Mathematical programming approaches for NP-Hard constrained shortest path problems

Detalhes bibliográficos
Ano de defesa: 2019
Autor(a) principal: Saraiva, Rommel Dias
Orientador(a): Não Informado pela instituição
Banca de defesa: Não Informado pela instituição
Tipo de documento: Tese
Tipo de acesso: Acesso aberto
Idioma: eng
Instituição de defesa: Não Informado pela instituição
Programa de Pós-Graduação: Não Informado pela instituição
Departamento: Não Informado pela instituição
País: Não Informado pela instituição
Palavras-chave em Português:
Link de acesso: http://www.repositorio.ufc.br/handle/riufc/46642
Resumo: In this work, we study two NP-Hard routing problems: the shortest path with negative cycles (SPNC) and the constrained shortest path tour problem (CSPTP). For the SPNC, we propose three exact approaches based on mathematical programming: a compact mixed integer linear programming model, a specialized branch-and-bound algorithm, and a cutting-plane method. We perform numerical experiments comprising both randomly generated and benchmark instances from the literature. The computational tests show that the proposed approaches stand out from state-of-the-art mathematical programming techniques. Moreover, we discuss the linear relaxations of models present it the literature. Concerning the CSPTP, we show two compact models for the problem: a pure integer linear programming model, which we call dummy node-based model; and a mixed integer linear programming one, which we call frontier node-based model.
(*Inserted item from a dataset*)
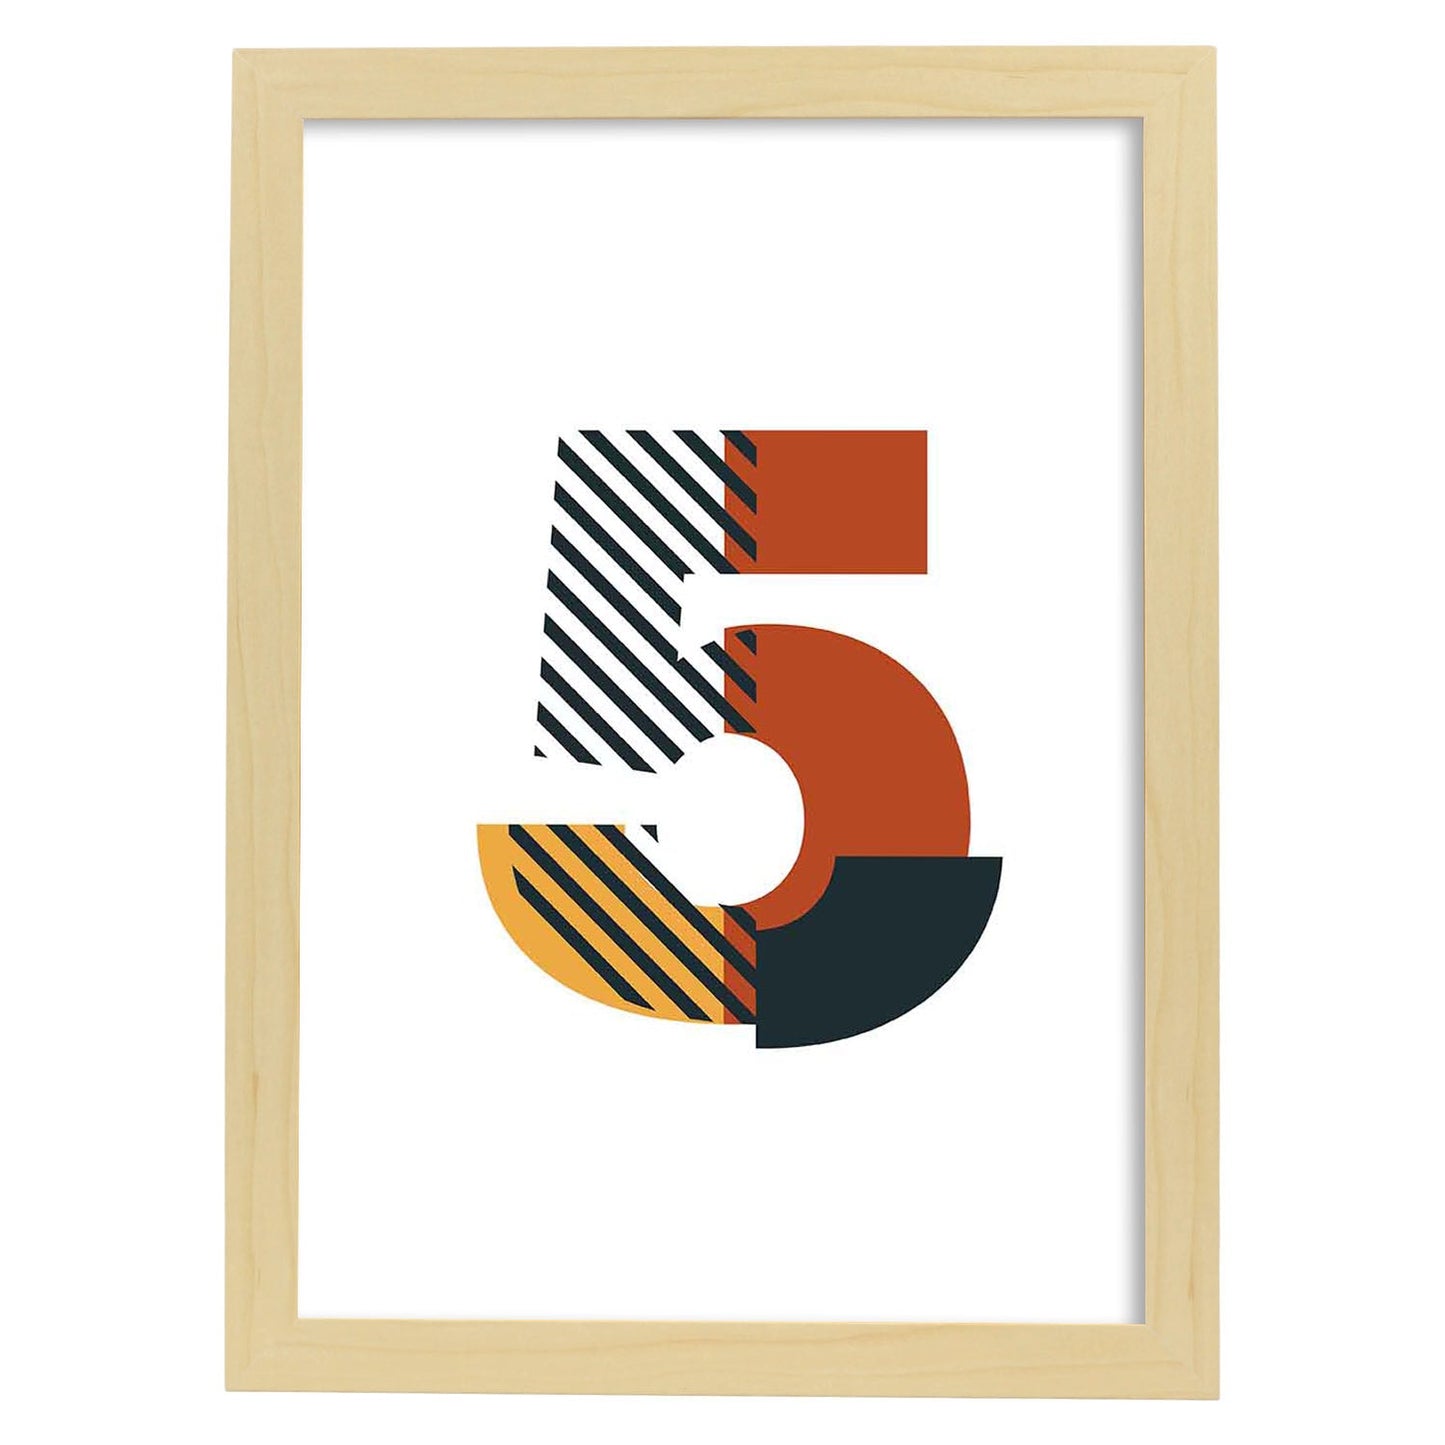 Poster de número 5. Lámina estilo Geometria con imágenes del alfabeto.-Artwork-Nacnic-A4-Marco Madera clara-Nacnic Estudio SL
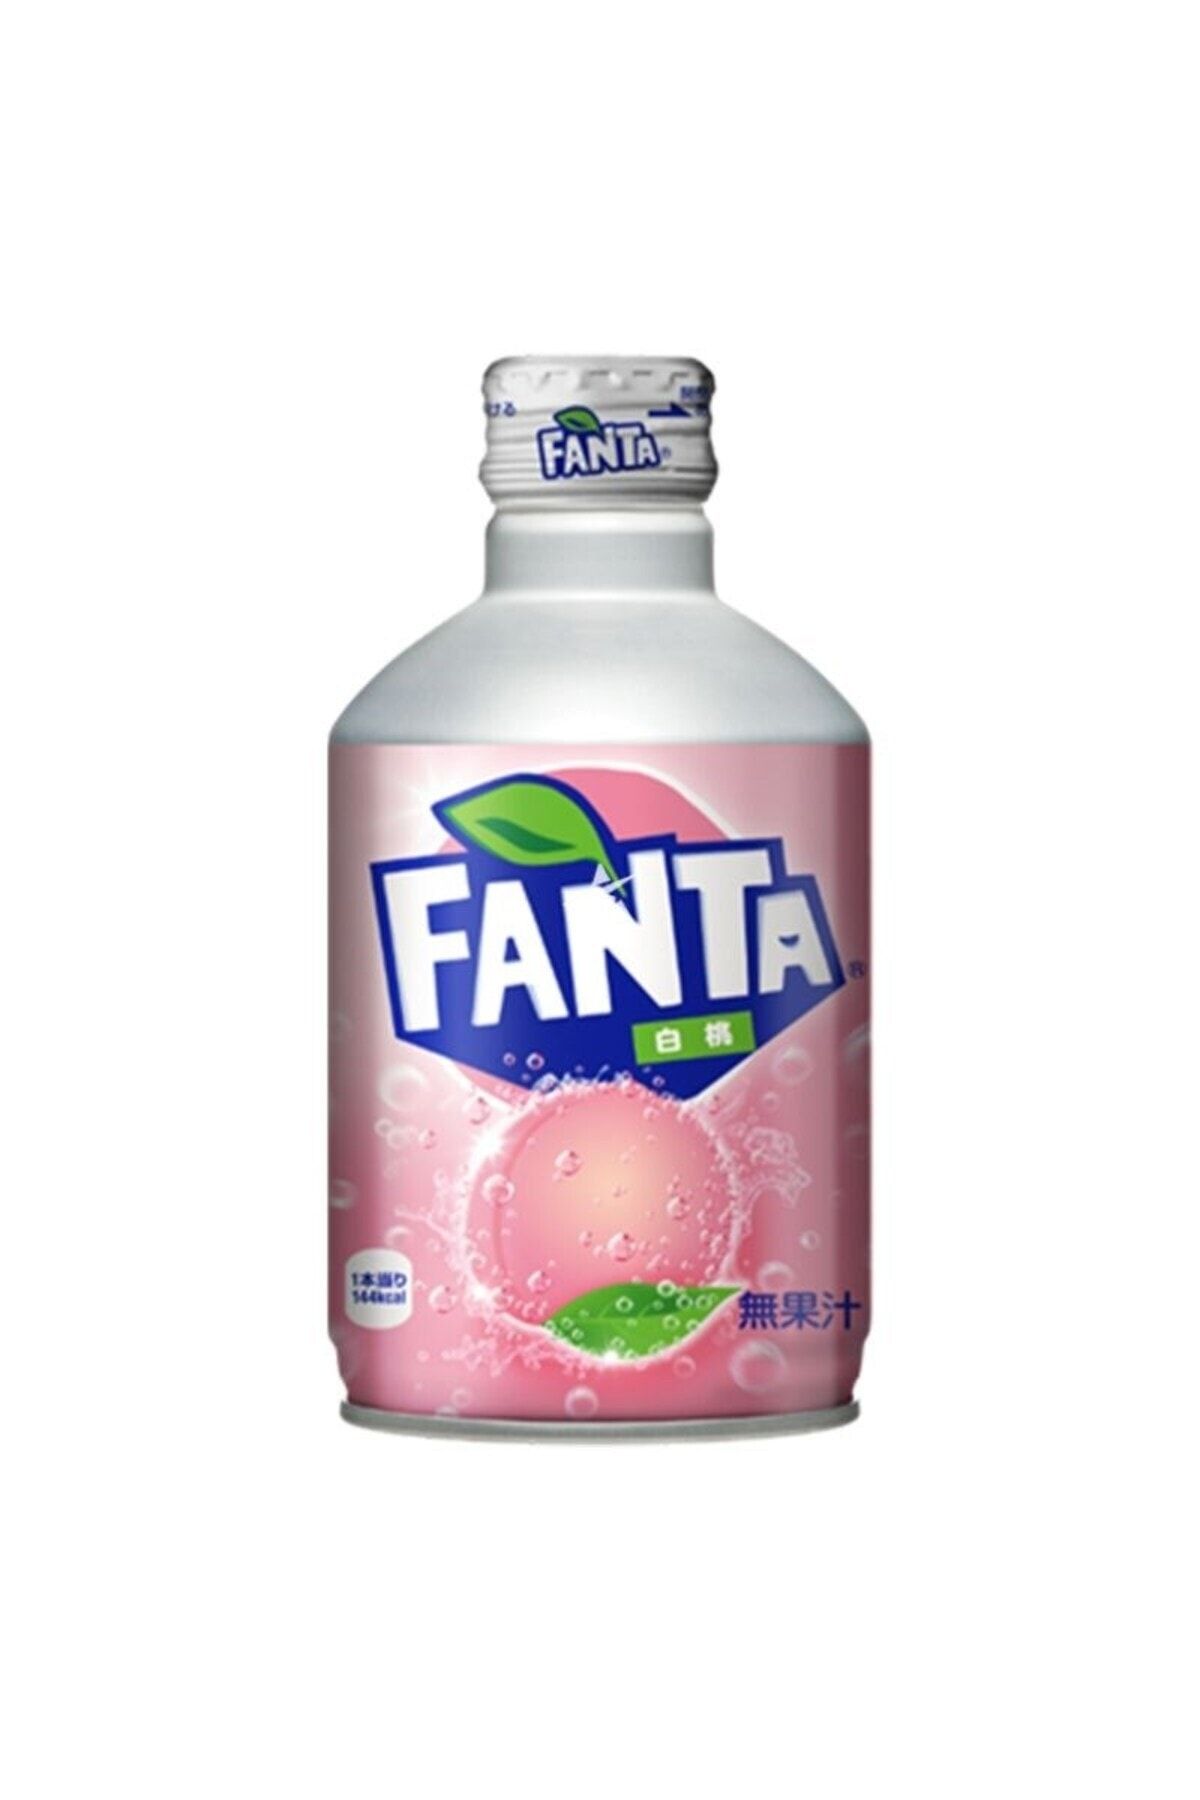 Fanta Japan Exclusive White Peach Flavour 300m

For the latter, we show valid inequalities and propose deterministic and non-deterministic Lagrangian heuristics. Experiments performed on both randomly generated and benchmark instances from the literature validate and attest the effectiveness of our contributions, which achieve the optimal solution in the vast majority of cases. We show that the dummy node and the frontier node-based models alternate better results depending on the characteristics of each instance. The efficiency over specialized branch-and-bound algorithms from the literature is also proven through experiments, as well as the potentialities behind the Lagrangian heuristics, which find the optimal solution for a large number of instances.